§ Recorded data

>>>>

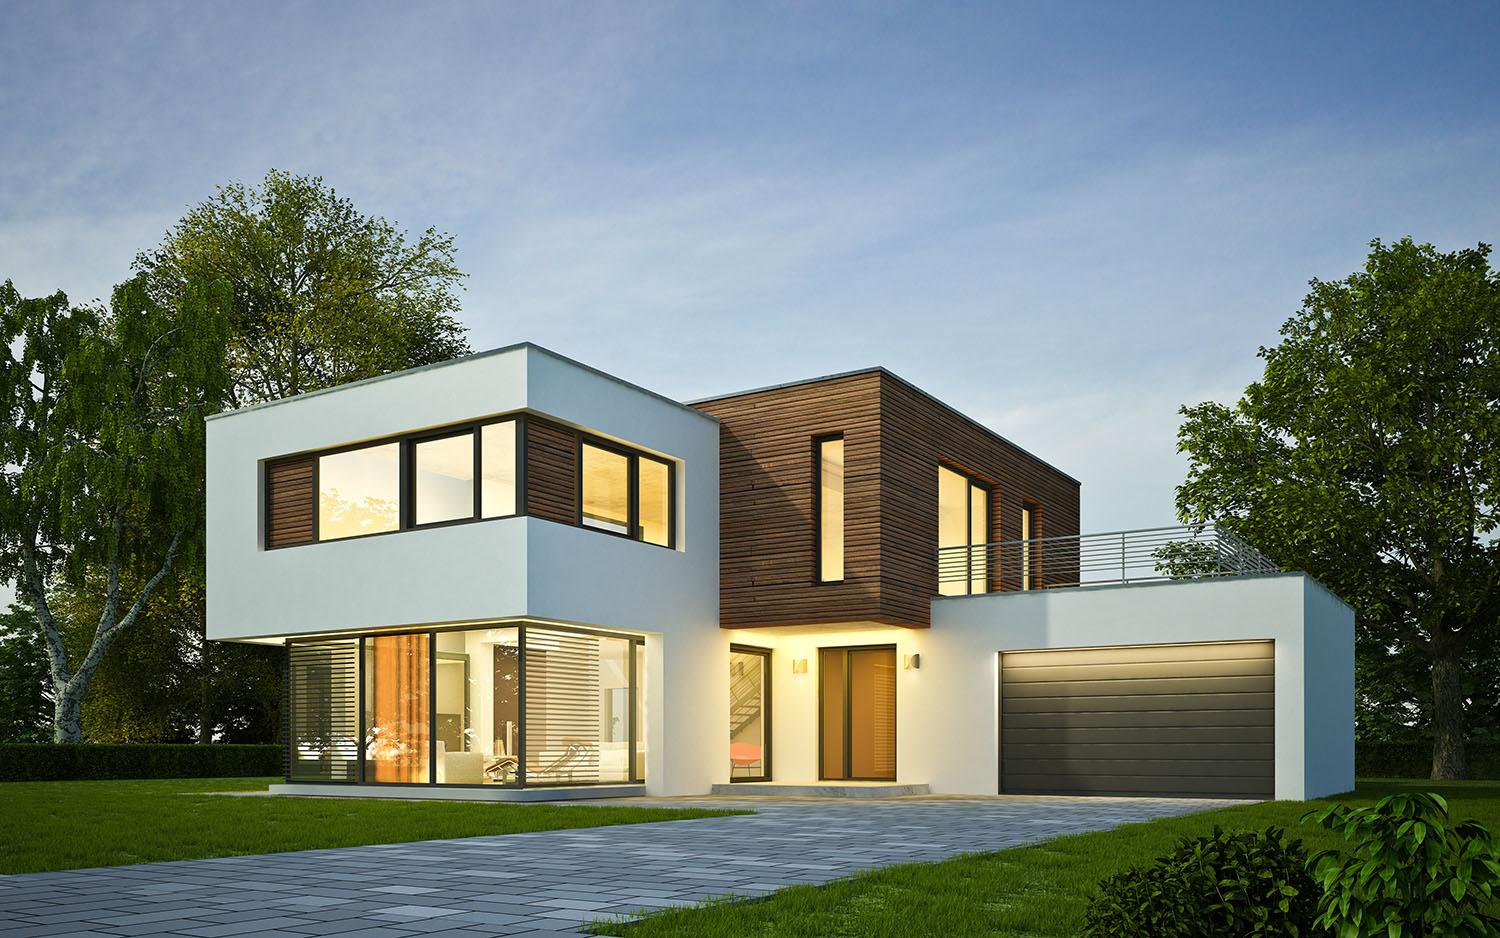 ¿Es mejor hacerse una casa o comprarla ya construida? | Vivus.es
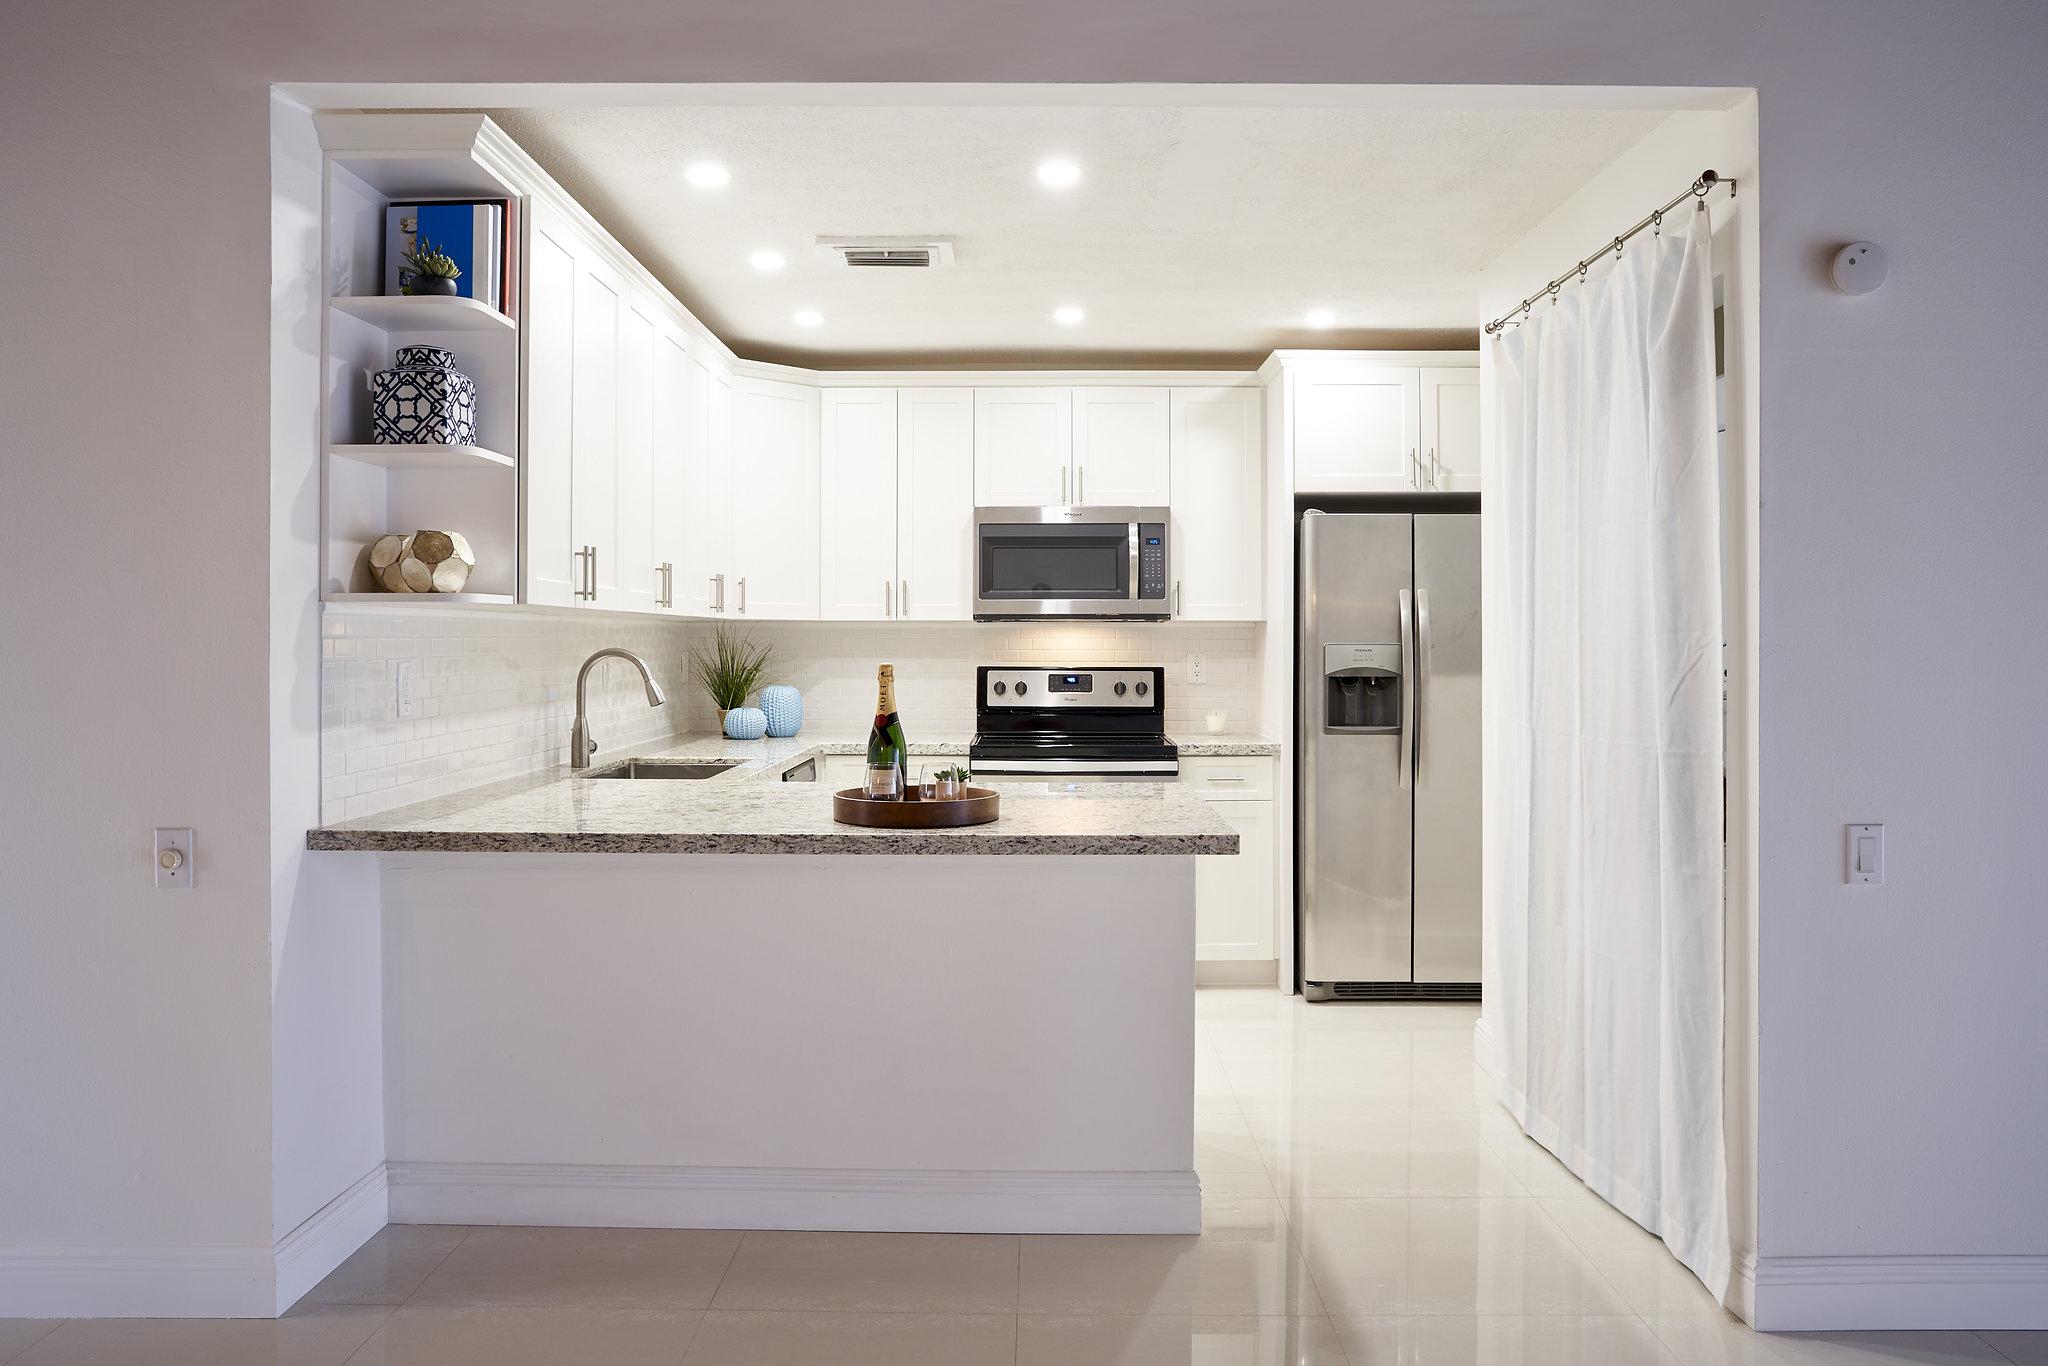 Snapper Village kitchen renovation
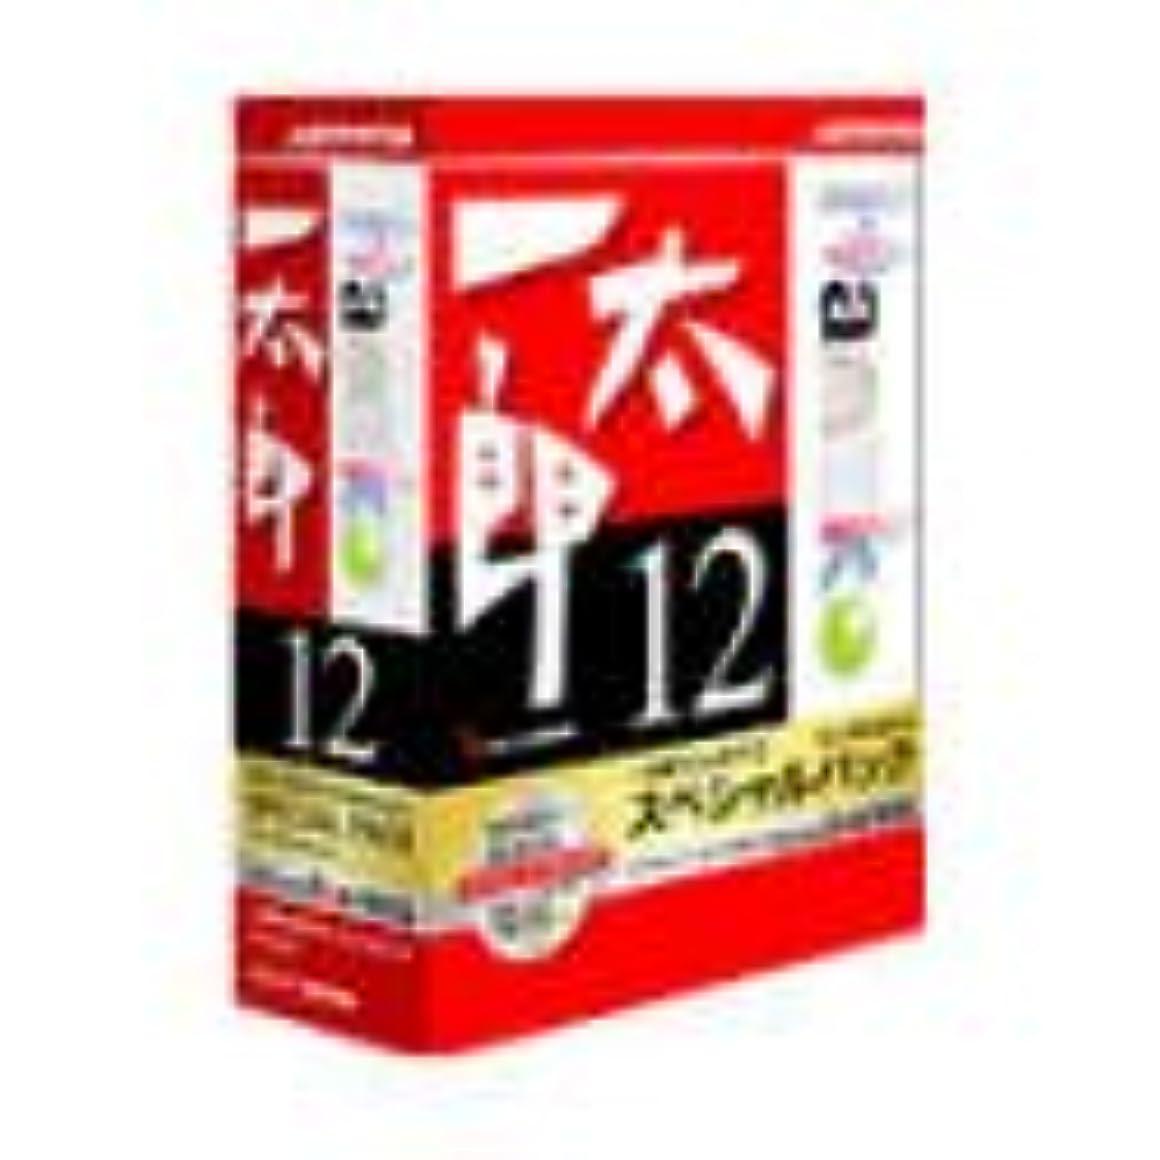 サンプルマート裂け目一太郎 12 & 花子 12 スペシャルパック

<<<<

An exact restatement is expected of the lines from the line containing "Snapper Village kitchen renovation" to the end of the data above, pictures excluded.

 Snapper Village kitchen renovation
 サンプルマート裂け目一太郎 12 & 花子 12 スペシャルパック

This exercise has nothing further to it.